0%| | 0/6000 [00:00<?, ?it/s]
Traceback (most recent call last):
File "/mnt/internet/shishosama/embeder_moder_training/graph_quantizer_static.py", line 119, in <module>
lfw_test(jit_model)
File "/mnt/internet/shishosama/embeder_moder_training/lfw_eval.py", line 350, in lfw_test
evaluate(model)
File "/mnt/internet/shishosama/embeder_moder_training/lfw_eval.py", line 111, in evaluate
output = model(imgs)
File "/root/anaconda3/envs/shishosama/lib/python3.7/site-packages/torch/nn/modules/module.py", line 727, in _call_impl
result = self.forward(*input, **kwargs)
RuntimeError: The following operation failed in the TorchScript interpreter.

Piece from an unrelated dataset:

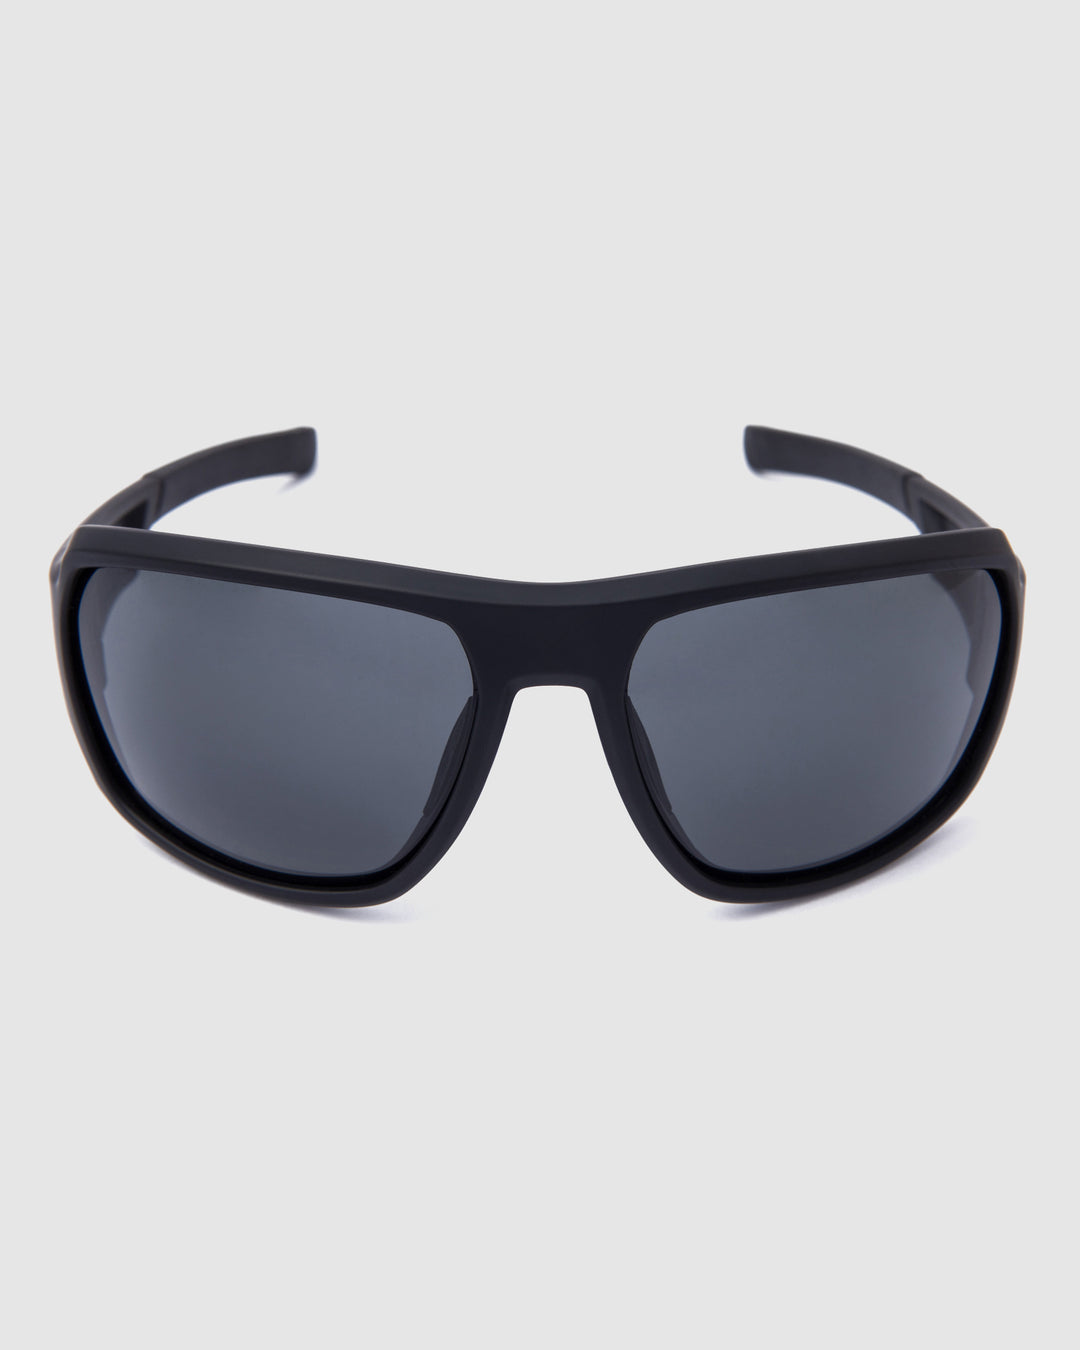 UNIT Storm - Medium Impact Safety Sunglasses - Black

Traceback of TorchScript, serialized code (most recent call last):
File "code/__torch__/models_new/___torch_mangle_1853.py", line 23, in forward
input_2_quant = torch.quantize_per_tensor(input, 0.037445519119501114, 57, 13)
_0 = getattr(self, "quantized._jit_pass_packed_weight_0")
_1 = ops.quantized.conv2d_relu(input_2_quant, _0, 0.0094706285744905472, 0)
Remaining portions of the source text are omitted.